Evaluation & Results
To validate EZ‑M, the authors introduced HumanoidBench, a suite of whole‑body control tasks built on a high‑fidelity simulated humanoid. The benchmark includes ten distinct objectives ranging from basic standing to complex acrobatic maneuvers, each requiring coordinated control of over 30 joints.
Key experimental findings:
- Sample Efficiency: EZ‑M reached expert‑level performance on 8 out of 10 tasks using fewer than 2 million environment steps, a 4‑fold reduction compared to the strongest model‑free baseline.
- Scalability with Task Count: Adding more tasks consistently improved the dynamics model’s prediction accuracy, even when the total number of samples remained constant.

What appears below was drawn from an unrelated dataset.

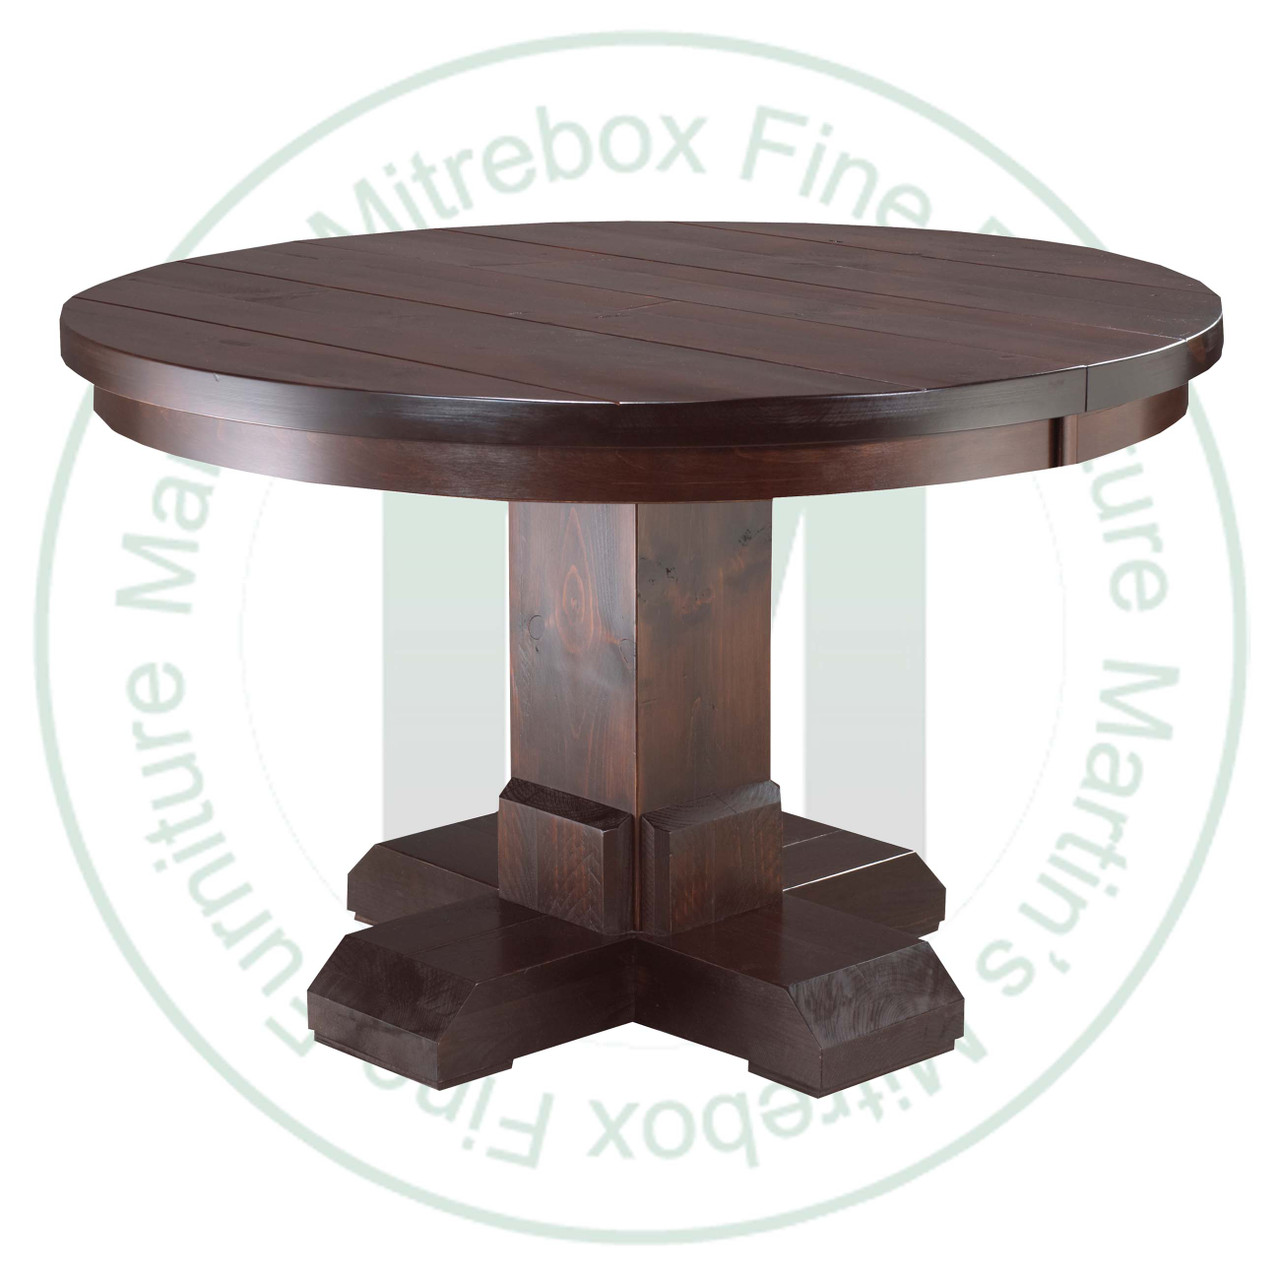 Maple Shrewsbury Single Pedestal Table 48''D x 48''W x 30''H Round Solid Table. Table Has 1.25'' Thick Top.

- Robustness to Conflict: In paired tasks with opposite optimal actions (e.g., “walk forward” vs. “walk backward”), EZ‑M maintained stable learning curves, whereas model‑free multitask agents exhibited severe performance drops.
- Parameter Economy: EZ‑M achieved these gains without resorting to billion‑parameter networks; a modest 120 M‑parameter model sufficed, underscoring that task diversity, not sheer size, drives the improvements.
These results collectively demonstrate that task scaling can serve as a practical lever for accelerating embodied learning, confirming the authors’ hypothesis that shared dynamics are a natural regularizer for MBRL.
Why This Matters for AI Systems and Agents
For practitioners building real‑world robotic platforms, EZ‑M offers a concrete pathway to reduce the costly data collection phase that traditionally dominates development timelines. By leveraging a single dynamics model across many behaviors, engineers can:
- Deploy new skills with minimal additional training, accelerating product iteration cycles.
- Maintain a unified simulation‑to‑real pipeline, since the dynamics model can be fine‑tuned with a few real‑world rollouts and instantly benefit all existing policies.
- Integrate with existing orchestration frameworks that schedule tasks, enabling automated curriculum generation at scale.
In the broader AI ecosystem, the paper’s insights align with emerging trends in modular robotics platforms, where interchangeable skill modules rely on a common perception‑action backbone. EZ‑M’s task‑centric planning also dovetails with multi‑agent coordination strategies, suggesting that a shared world model could serve multiple agents operating in the same environment without redundant learning.
What Comes Next
While EZ‑M marks a significant step forward, several open challenges remain:
- Real‑World Transfer: The current evaluation is confined to simulation. Bridging the sim‑to‑real gap will require robust domain randomization or online adaptation mechanisms.
- Task Definition Granularity: Determining the optimal granularity of tasks (fine‑grained primitives vs. coarse‑grained goals) is still an open research question that impacts both data efficiency and planner complexity.
- Scalable Planning: As the number of tasks grows, the planner’s computational budget may become a bottleneck. Hierarchical or learned planners could alleviate this pressure.
- Safety Guarantees: In safety‑critical deployments, ensuring that the shared dynamics model does not propagate erroneous predictions across tasks is essential.
Future work may explore integrating EZ‑M with multi‑agent orchestration layers that dynamically allocate tasks based on robot health, environmental context, or user intent. Additionally, extending the framework to heterogeneous robot fleets—where each robot shares a common dynamics core but differs in morphology—could unlock unprecedented levels of cross‑platform learning.
References
For a complete technical description, see the original preprint: Scaling Tasks, Not Samples: Mastering Humanoid Control through Multi‑Task Model‑Based Reinforcement Learning.